(e) Intended Benefit; Transfer of Interests. This Letter Agreement shall inure to the benefit of, and shall be binding upon, the parties and their respective successors and permitted transferees. No party may transfer any of his or its rights, duties, obligations, or interests hereunder without the prior written consent of the other parties.
(f) Capacity. Each party represents and warrants to the other parties that: (i) such party has full capacity, power, and authority to execute, deliver, and perform this Letter Agreement; and (ii) such party has duly executed and delivered this Letter Agreement, and this Letter Agreement constitutes the legal, valid, and binding obligation of such party, enforceable against such party in accordance with its terms.
(g) Entire Agreement. This Letter Agreement, including any exhibits, schedules and appendices attached hereto and the agreements referenced herein, contain the entire understanding and agreement among the parties with respect to the specific subject matter hereof, and supersedes any prior understandings, communications, and agreements (whether written or oral) among them with respect to the subject matter hereof.
(h) Counterparts. This Letter Agreement may be executed in two or more counterparts, each of which shall be deemed an original, but all of which together shall constitute one and the same instrument.
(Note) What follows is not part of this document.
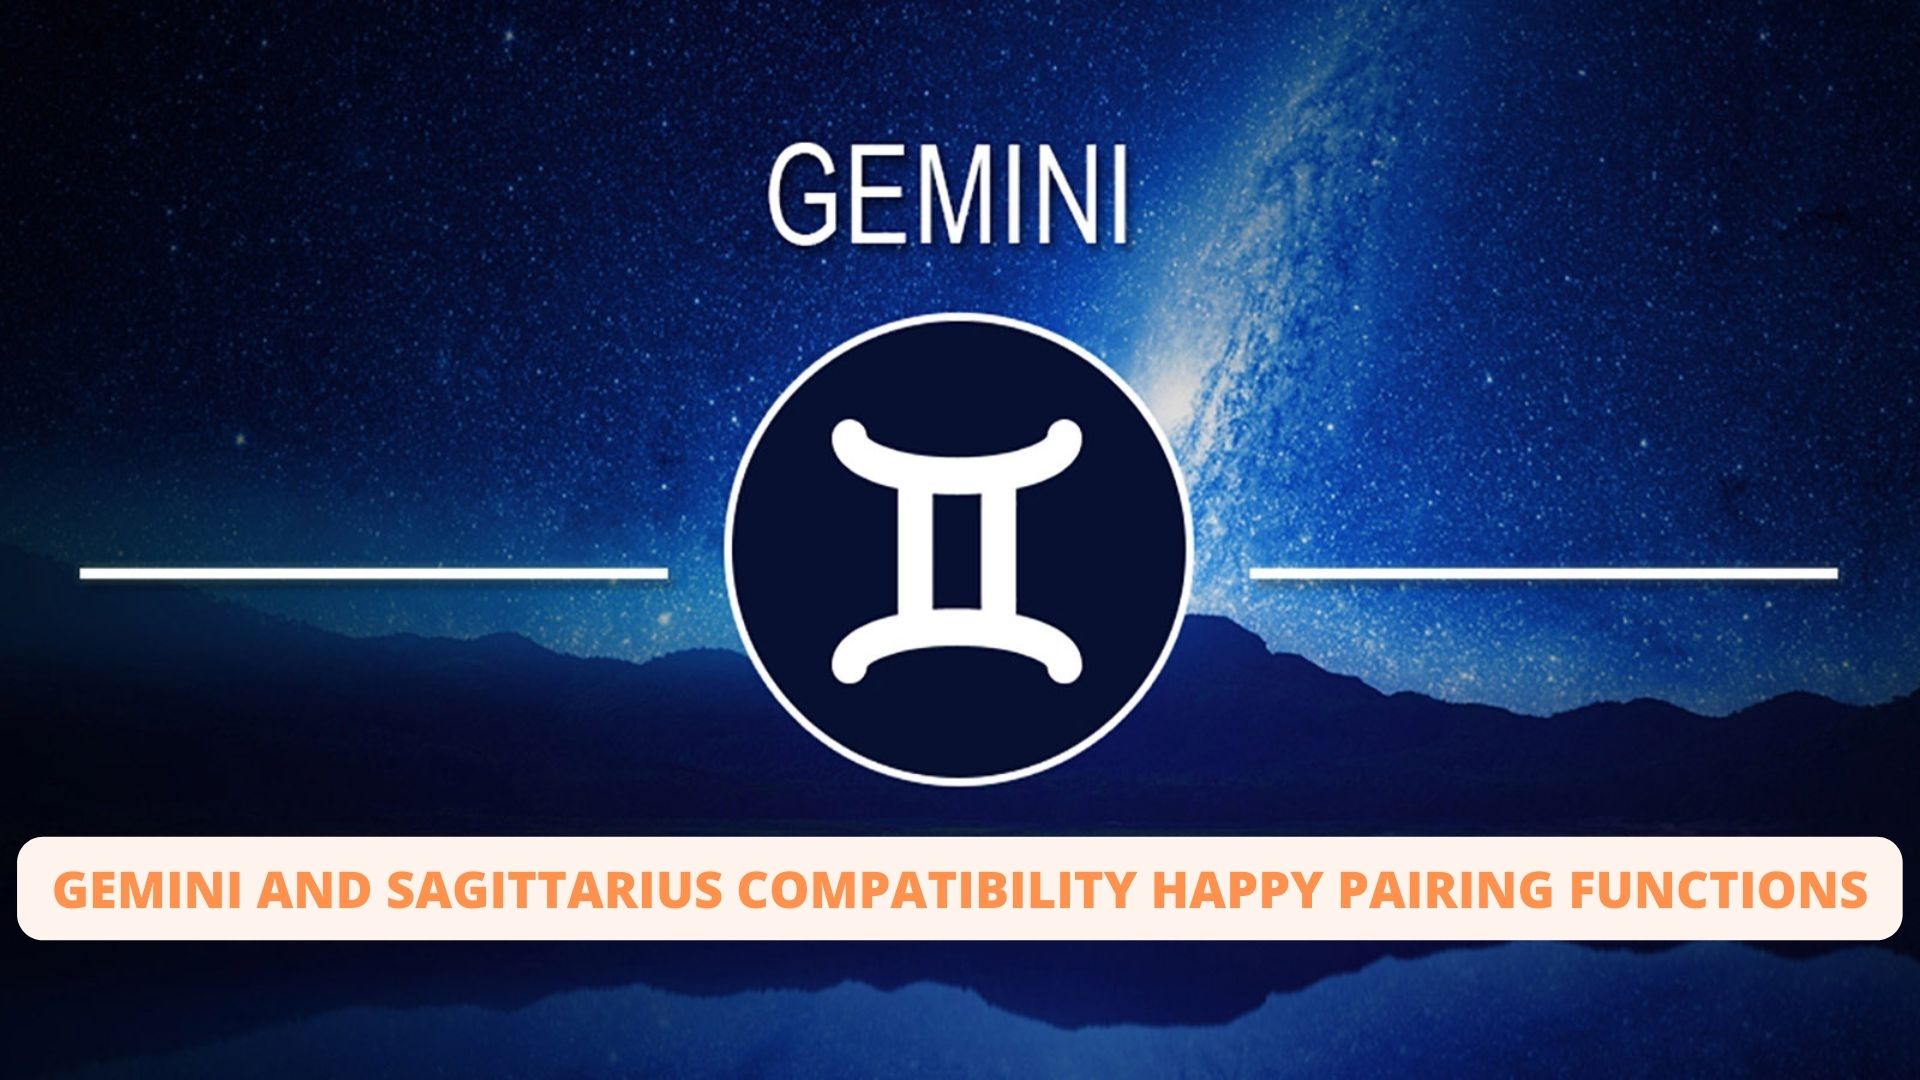 Gemini And Sagittarius Compatibility - Happy Pairing Functions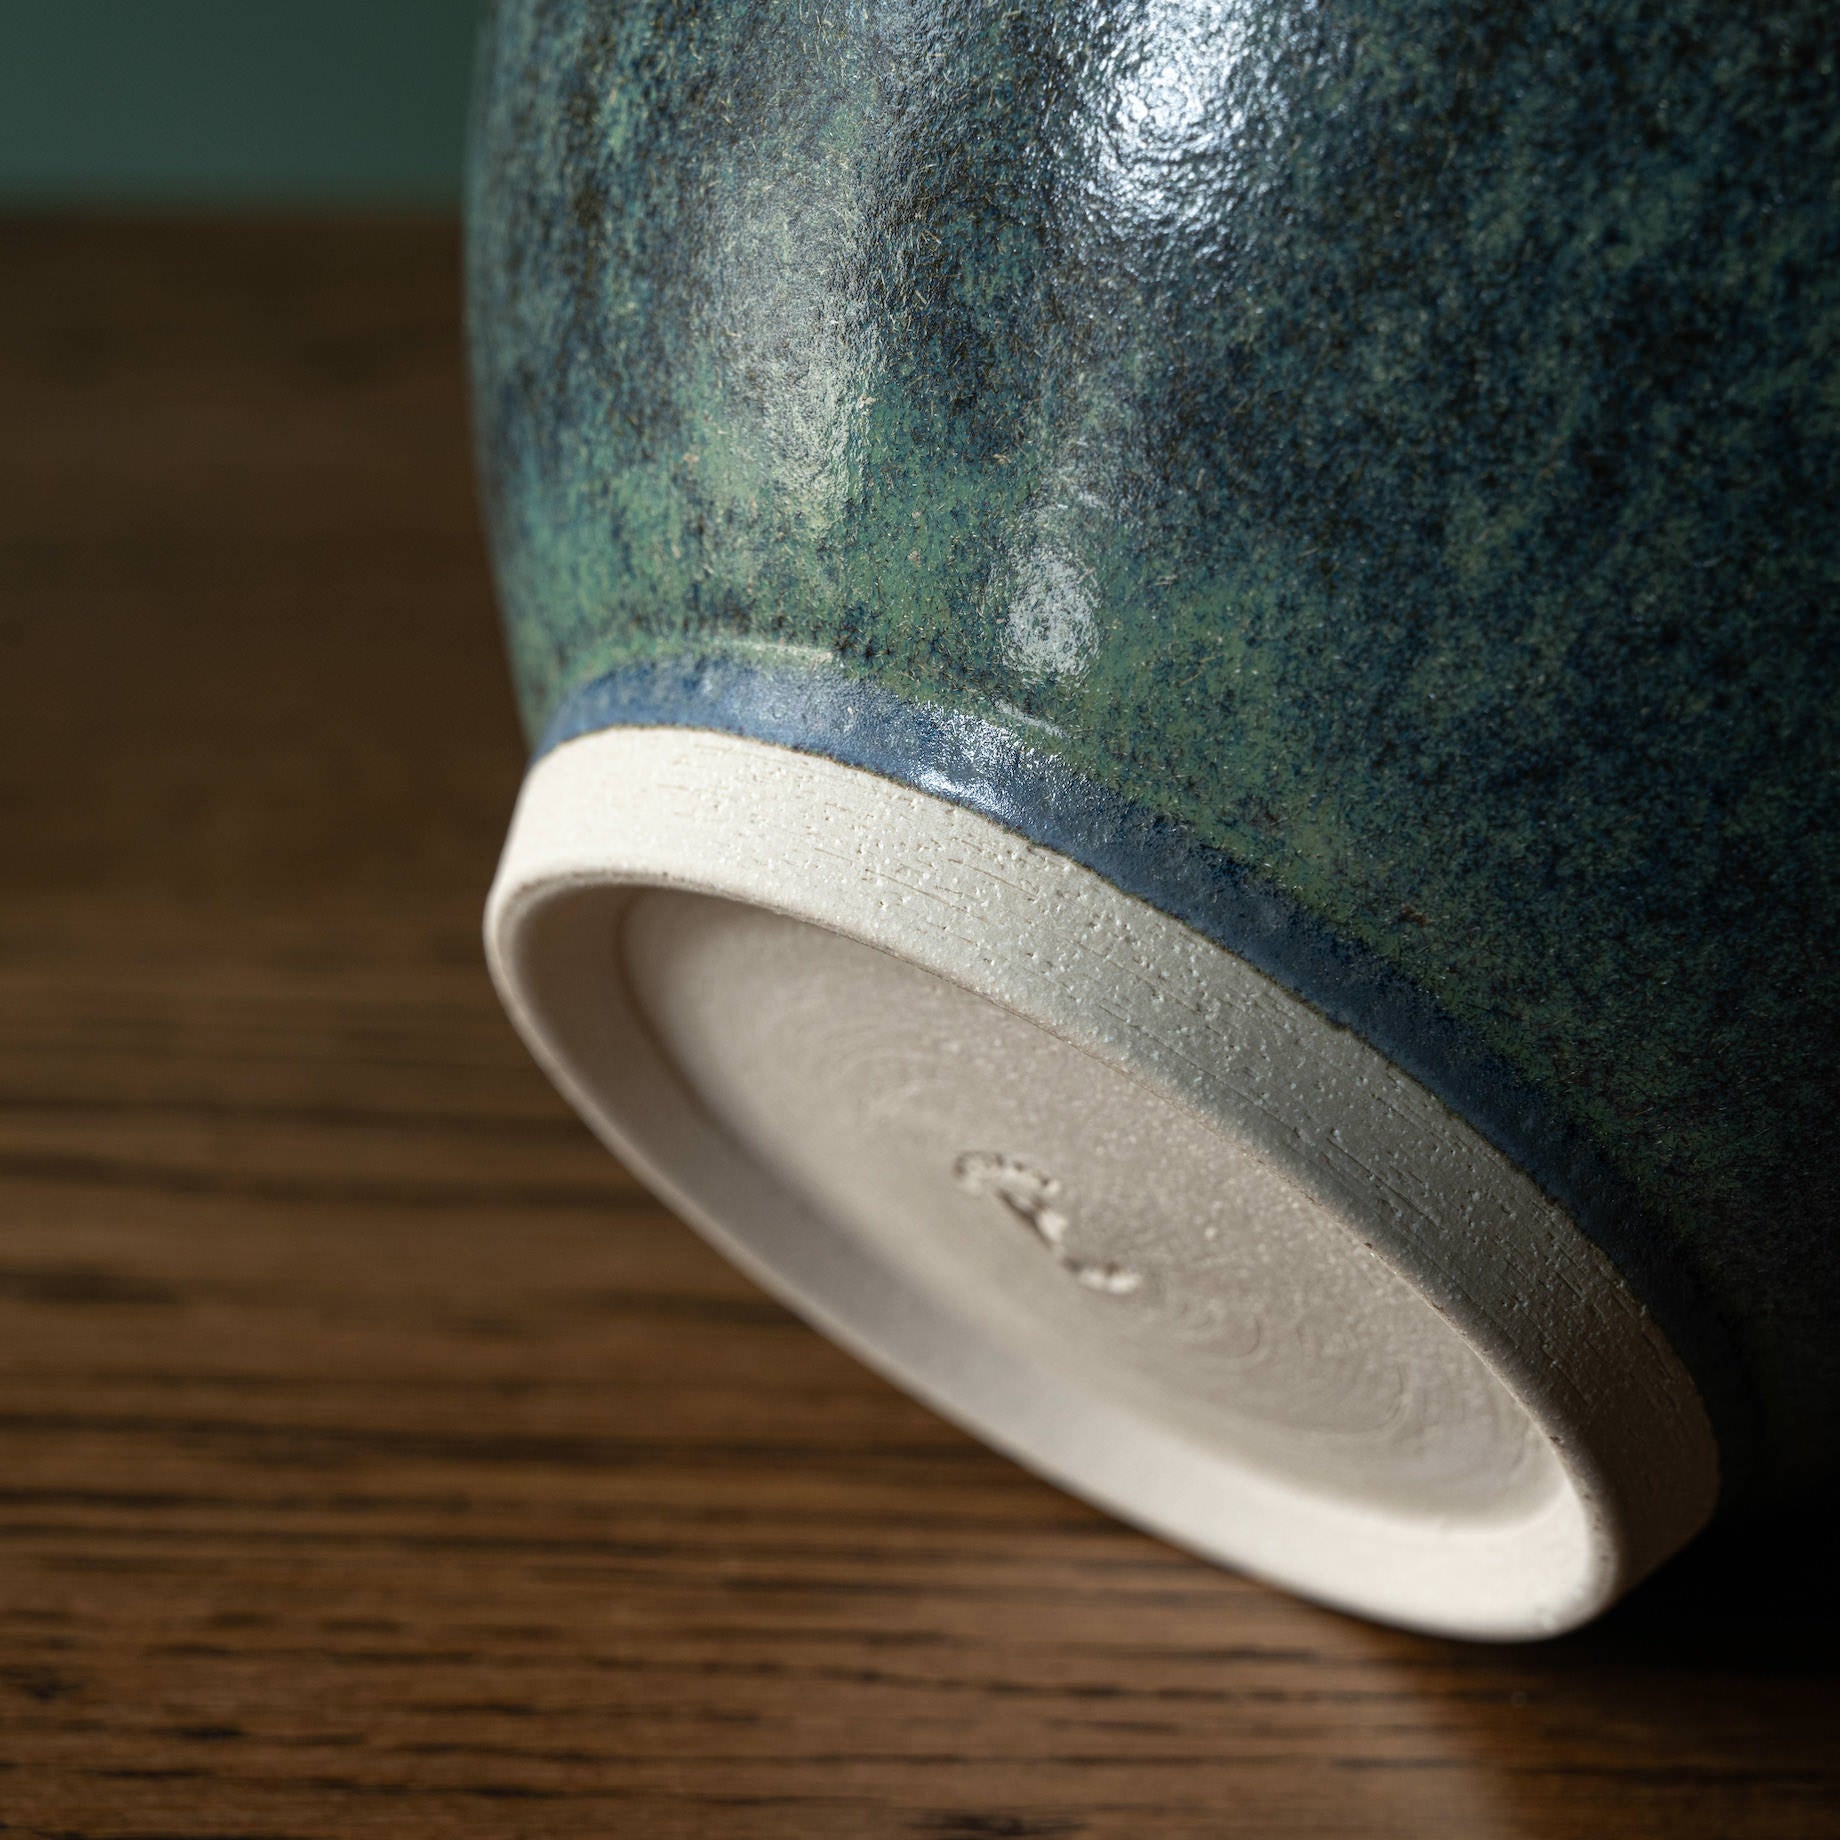 Pottery West Stoneware Rounded Vase base in Nori glaze

For the avoidance of doubt, affirmation or signature of this Letter Agreement by electronic means shall constitute the execution and delivery of a counterpart of this Letter Agreement by or on behalf of such party intending to be bound by the terms of this Letter Agreement.
(i) Amendments. This Letter Agreement may be amended only by a written instrument signed by each of the parties hereto.
(j) Notices. Any notice, request or other document to be given hereunder to any party hereto shall be given in the manner specified in Section 15.5 of the Purchase Agreement.
(k) Remedies; Non Waiver. No waiver of any breach of this Letter Agreement or of any objection to any act or omission in connection herewith or of any provision hereof shall be implied or claimed by any party or be deemed to constitute a consent to any continuation of such breach, act, or omission or to any waiver, unless in each such case pursuant to a written instrument signed by the party providing such waiver, and then only to the extent set forth therein. A failure or delay by a party in exercising any right, power, privilege, or remedy in respect of this Letter Agreement shall not be presumed to operate as a waiver thereof, and a single or partial exercise of any right, power, privilege, or remedy shall not be presumed to preclude any subsequent or further exercise of that right, power, privilege, or remedy or the exercise of any other right, power, privilege, or remedy.
(l) Binding Effect. Except as provided otherwise herein, this Letter Agreement shall inure to the benefit of, and be binding upon, the parties and their legal representatives, administrators, heirs, successors, and permitted transferees.